• **Available data**:
[Start of Attachment]
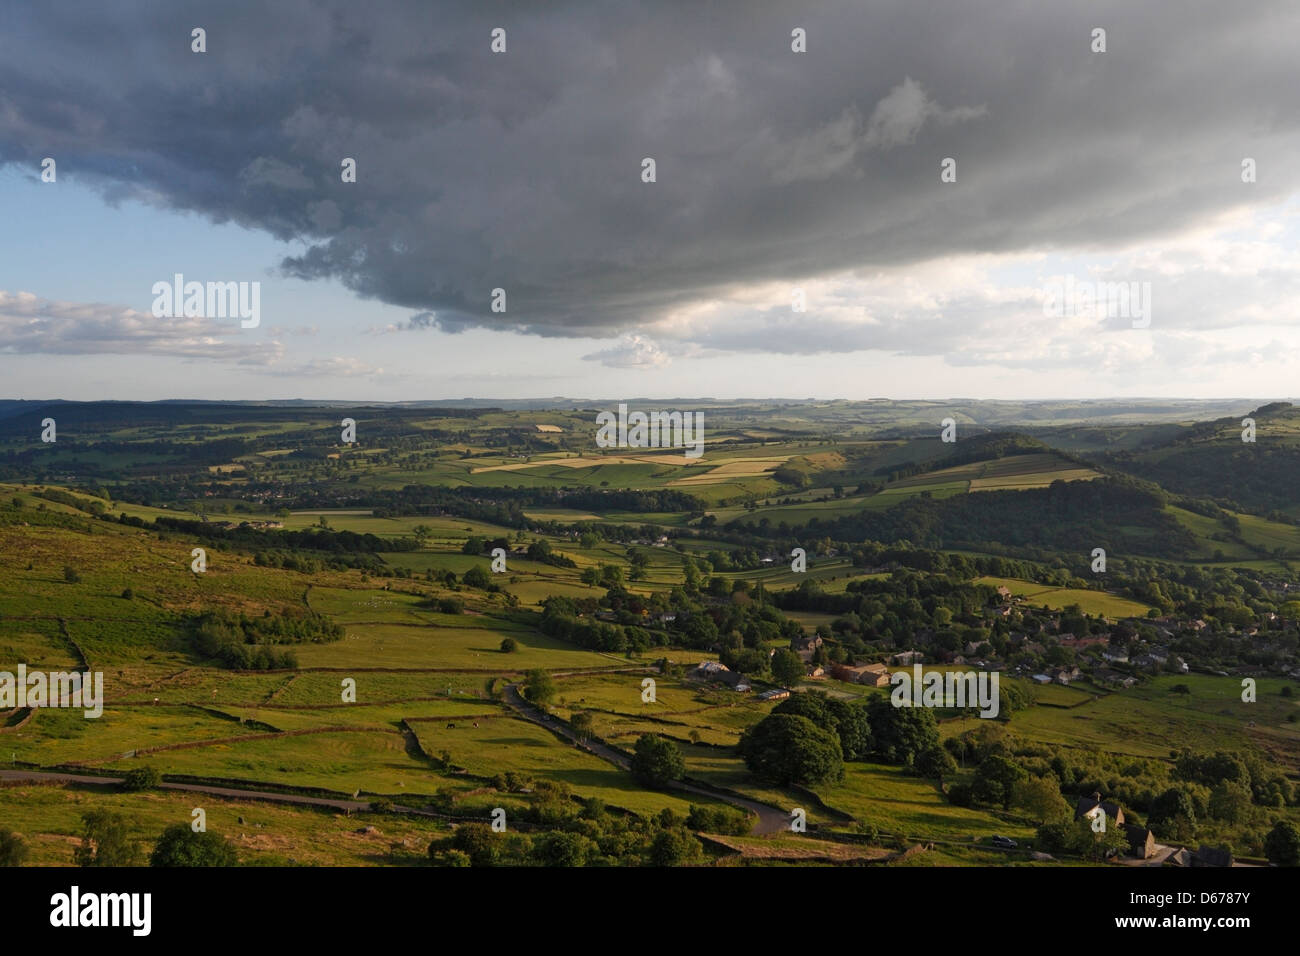 Nuvole drammatiche che si affacciano sul bordo Curbar nel Derbyshire Inghilterra Regno Unito. Peak District Parco Nazionale paesaggio. Campagna inglese Derwent Valley Foto Stock
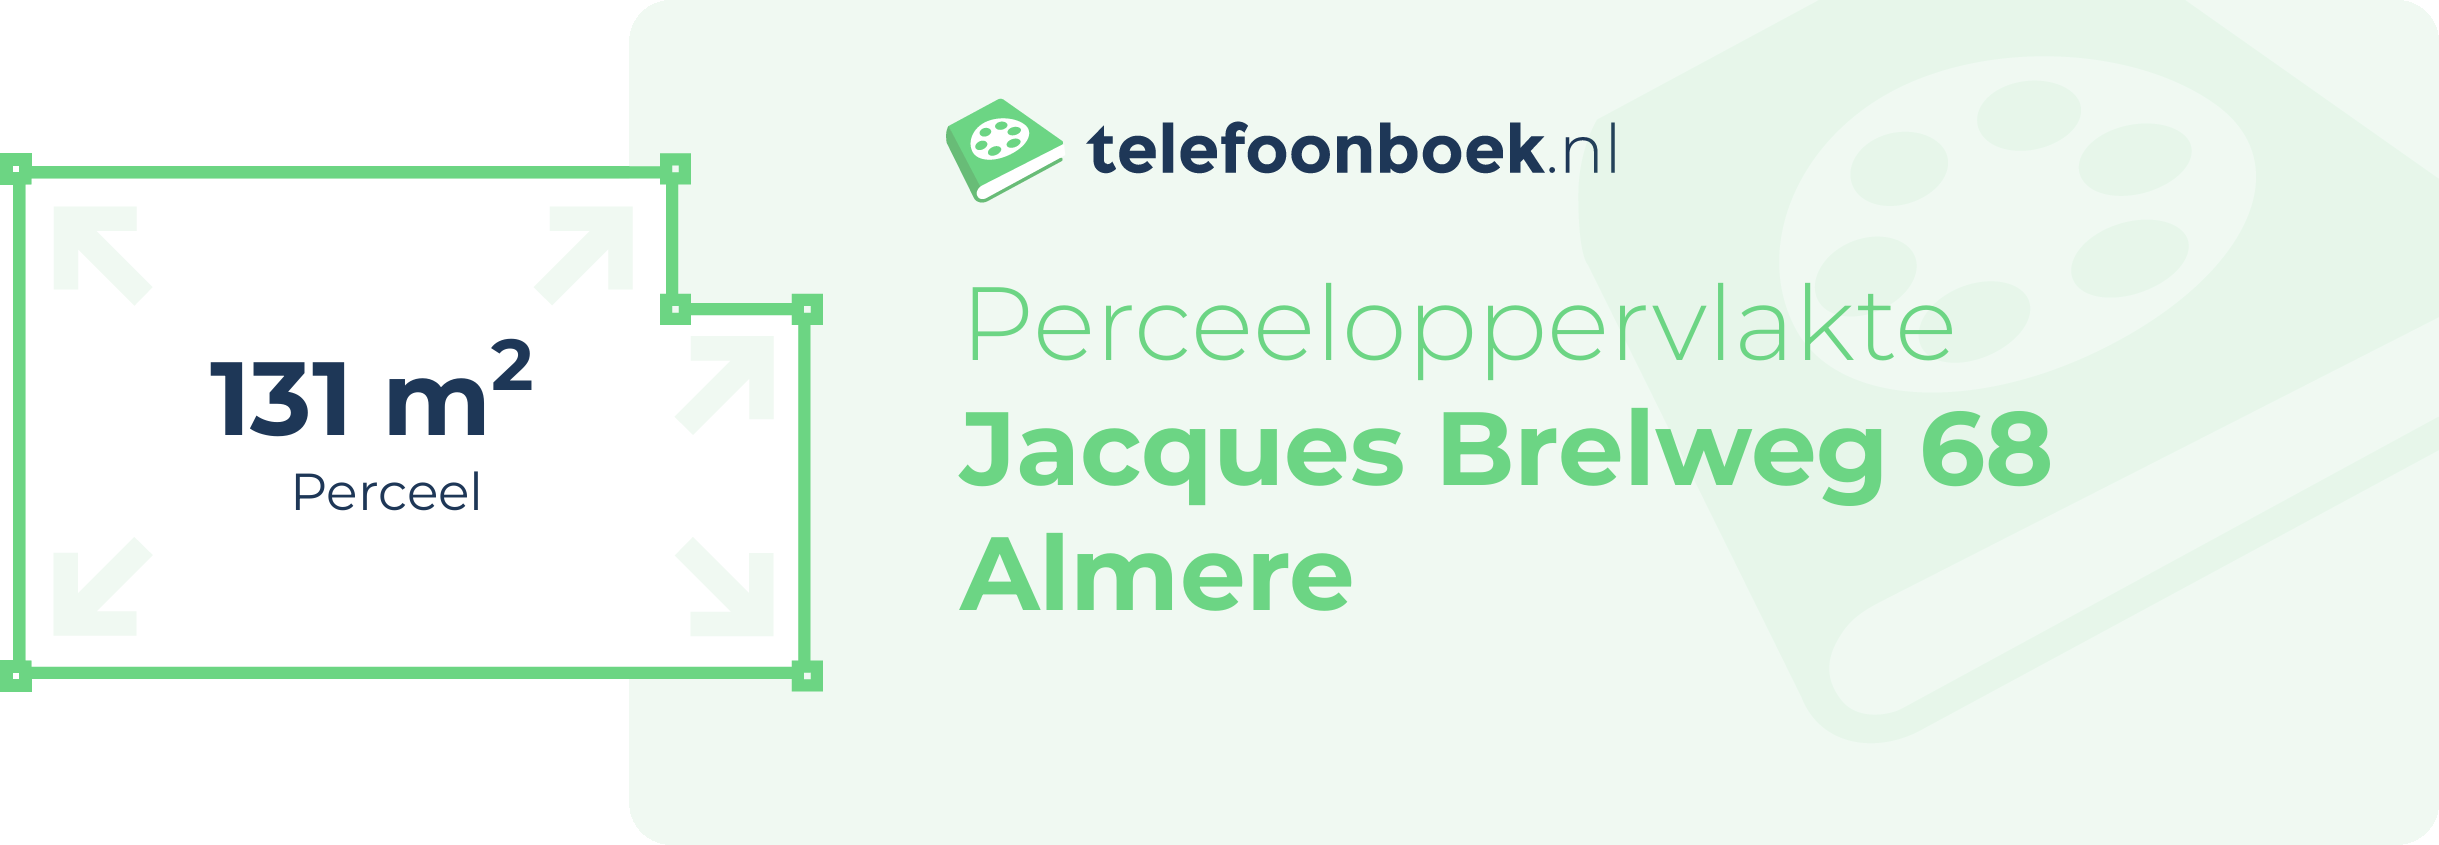 Perceeloppervlakte Jacques Brelweg 68 Almere
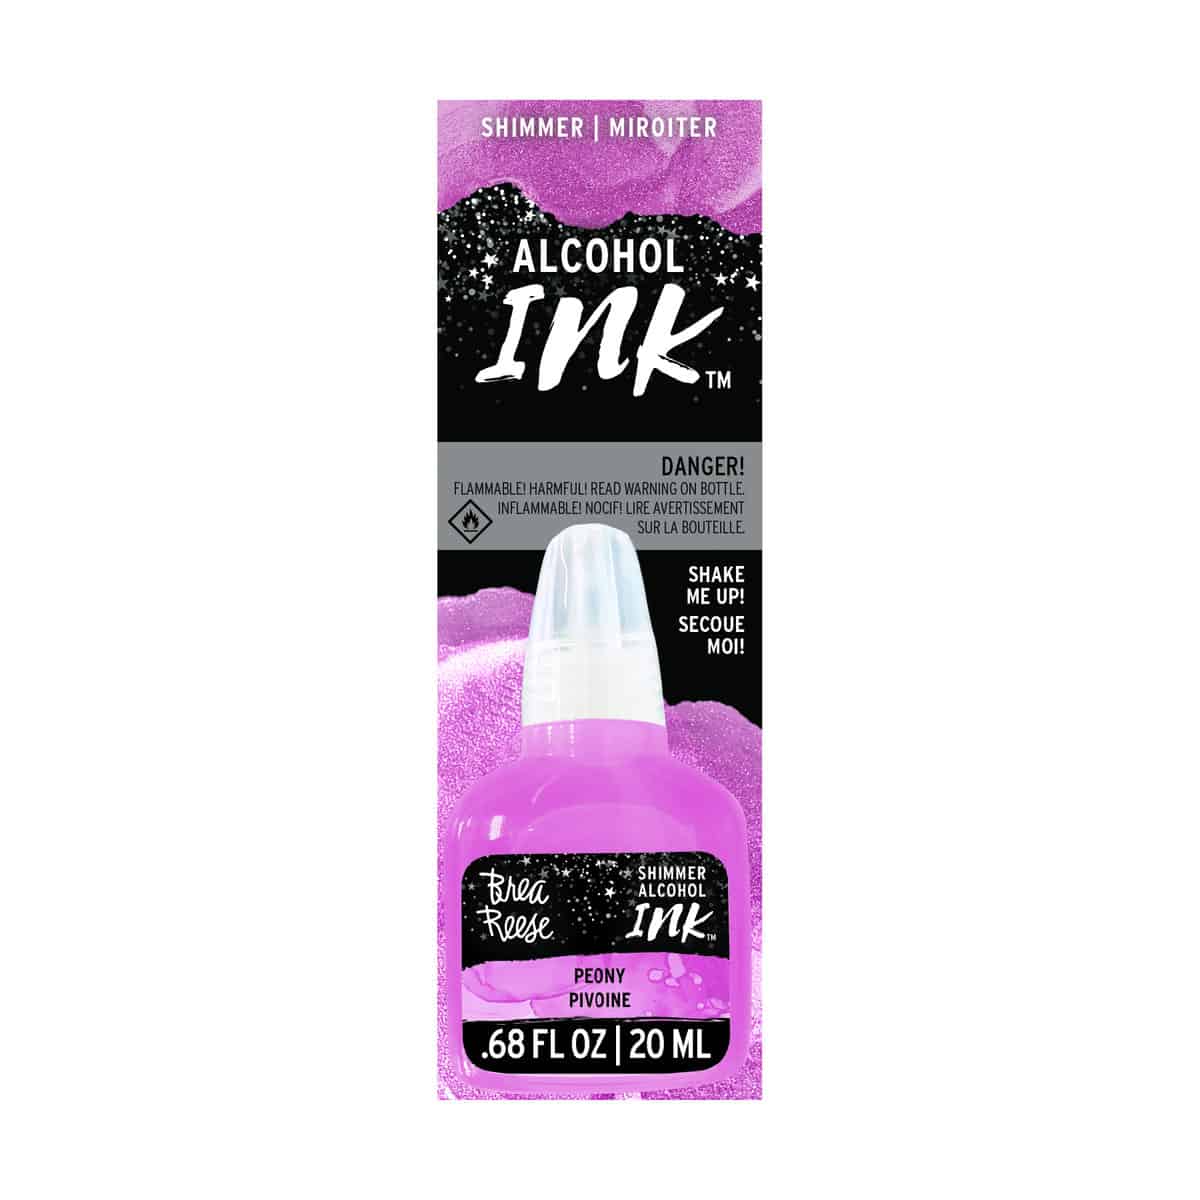 Pink shimmer alcohol ink
[End of Attachment]
• **Work to be completed**: The answer is the full listing above, repeated exactly, with its pictures removed.

• **Written answer**:
 Nuvole drammatiche che si affacciano sul bordo Curbar nel Derbyshire Inghilterra Regno Unito. Peak District Parco Nazionale paesaggio. Campagna inglese Derwent Valley Foto Stock
 Perceeloppervlakte Jacques Brelweg 68 Almere
 Pink shimmer alcohol ink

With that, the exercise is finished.